I bet I’m not the only one with a full-blown case of Spring Fever right now, am I?
I get this way every year. We get a day or two of warm weather, sunshine and breezes and I’ve got the windows flung open, tank tops and shorts on, hair pulled up, ready to do battle with all the winter clutter and grime. And that usually includes some serious internal deep cleaning, too.
No, I don’t do any fasts or cleanses. Are you kidding me?!? Spring cleaning does NOT mean spending a week in the bathroom pleading for an old priest and a young priest. No siree, Bob. I just mean that I usually do the kind of re-evaluation and contemplation that most people do on New Year’s Eve when they’re making their resolutions. And then I put that into action. The reason it takes me until Spring to do that is I generally do not have the energy or motivation to do so in the dead of an Ohio winter. (It’s that whole hibernation thing, y’know.)
So right now, the urge to pull EVERYTHING out of my closets and start tossing the old is really strong. But even stronger is the urge to get rid of all the mental and emotional clutter that simply isn’t working for me. I think it’s time to let the sunshine and fresh air breeze through my whole life and spark some renewal and regrowth.
So here’s what I’ve decided: for every physical thing I clean up and declutter around my house, I’m going to find one aspect of my life that needs the same attention and treatment. I’ve already started going through my inbox and my Facebook, Twitter and Instagram feeds and unsubscribing to anything that was an impulse” follow” or sign-up, anyone whose posts I typically hide, or any page I’ve liked that doesn’t really contribute to my growth or at the very least entertainment in some significant way. (But never underestimate the value of a cute otter video or kitten picture when you’re feeling down. Those are keepers.) Instead of just deleting emails from companies I’m not interested in, I’ve started unsubscribing from their sites. It takes a second now, but it’s a whole lot less mess in the future!
I’ve made a pact with myself: I’m not signing up for any new webinars, meetings, workshops or anything else until I go through and use the stuff I’ve already downloaded and/or signed up for. I have a really bad habit of collecting information because I’m afraid I’ll never find it if I don’t act on it the moment I see it. And as a result, my life over the last few months has grown more and more overwhelming by the day as my attention is drawn in 1,000 different directions.

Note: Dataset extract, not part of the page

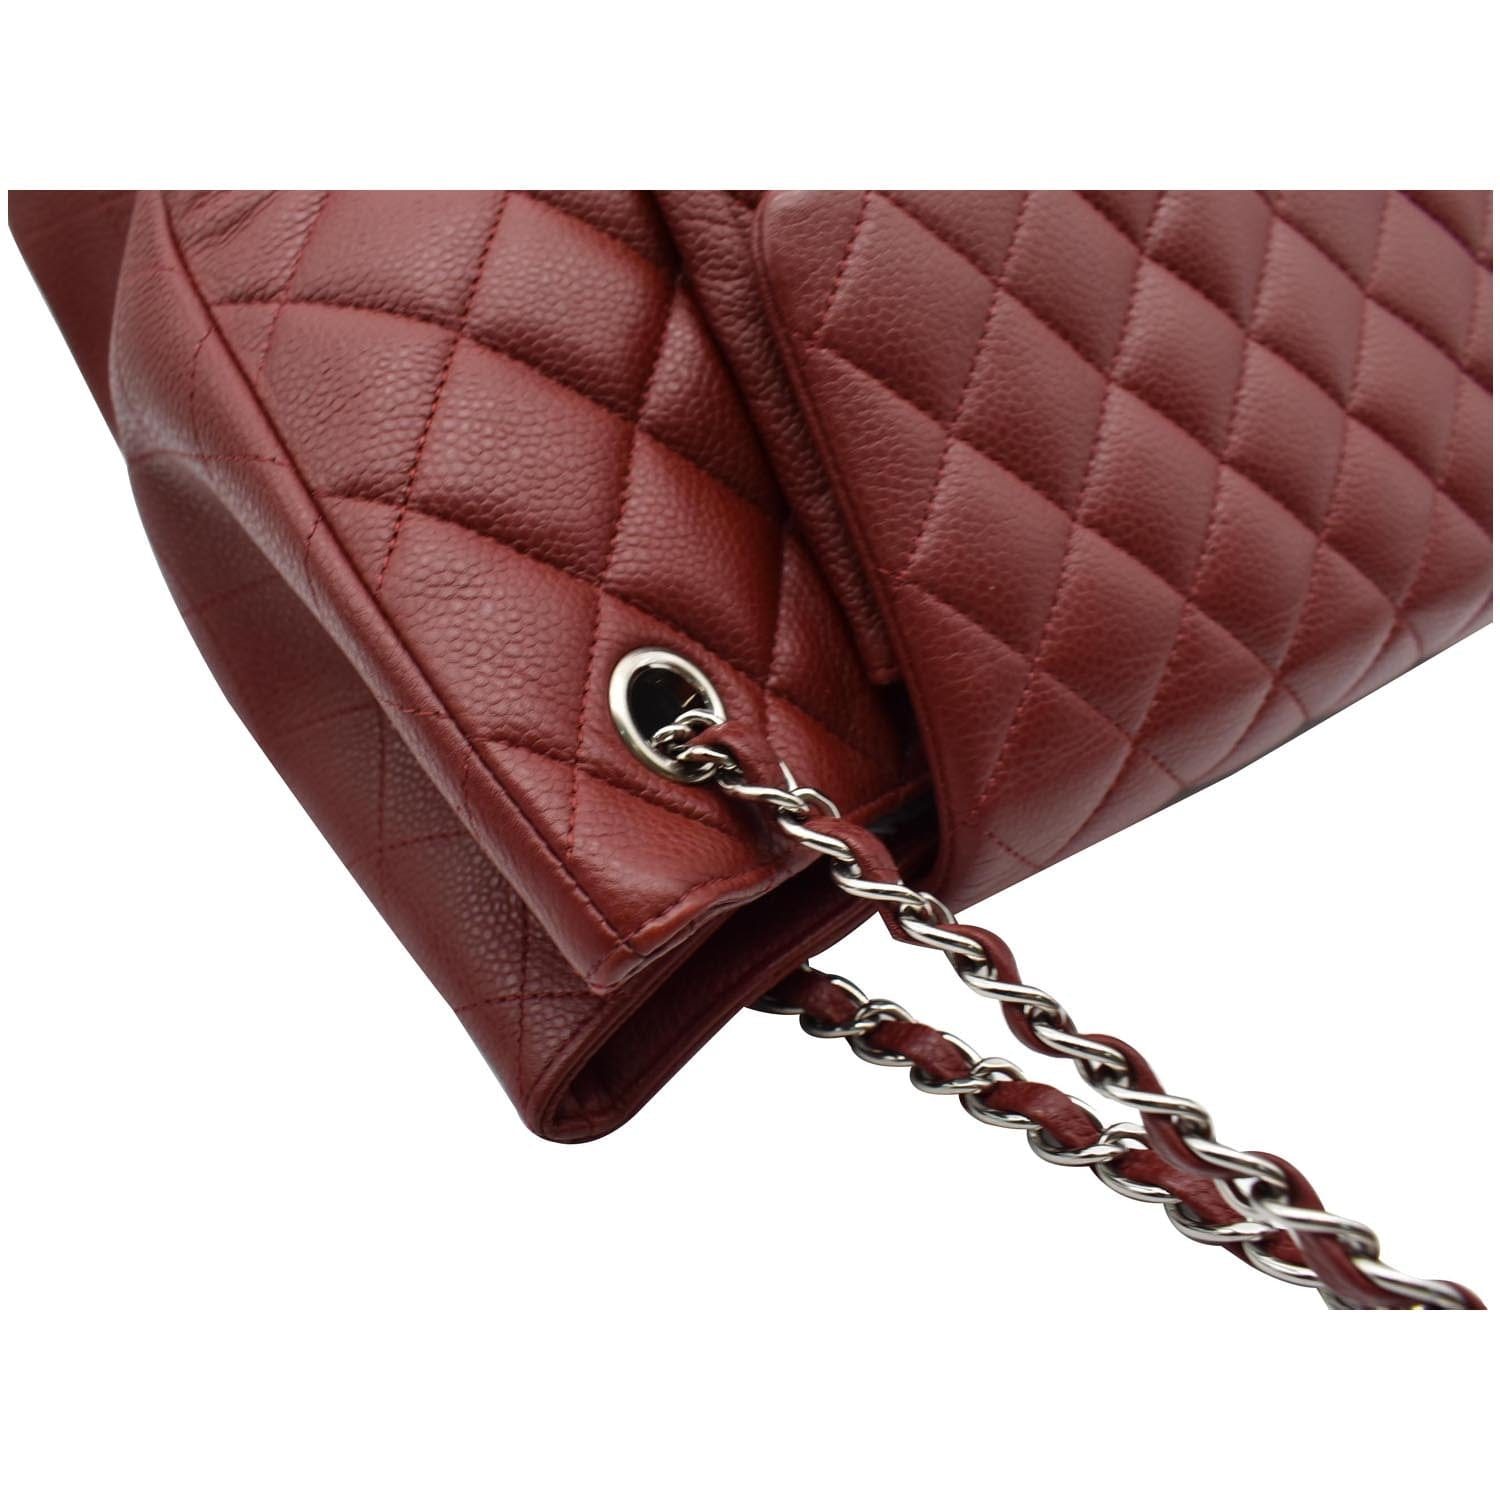 Chanel Red Caviar Flap Wallet

It’s time to find some focus and eliminate some distractions.
I’m cutting way back on Netflix time. It’s too easy to just turn something on and think, “Oh, I’ll just let this play for background noise while I work”, but I need to face facts: I’m not someone that deals with distraction well, so I need to eliminate it as much as I can. I’m also making it a habit to only check e-mail twice a day, as that’s just one more interruption that I’ve allowed to suck up a lot of my free time.
And as much as I despise routine and schedules, I’m forcing myself to finally adopt one – somewhat. I have a tendency to get involved in a project and lose all track of time and space and then 3 hours later realize I’ve wasted half the day on one thing. It’s especially bad for me when I’m working on genealogy research because those little green leaves on Ancestry are like crack. You’re always just one little click away from discovering the Holy Grail of your family tree. Except you’re not. EVER. It’s an endless search and that’s the entire point! Quite honestly, most of the work I do is like that. So from here on out, I’m blocking out my day into incremental segments of time with breaks in between. And I’m going to set up a timer so that I stick to my schedule.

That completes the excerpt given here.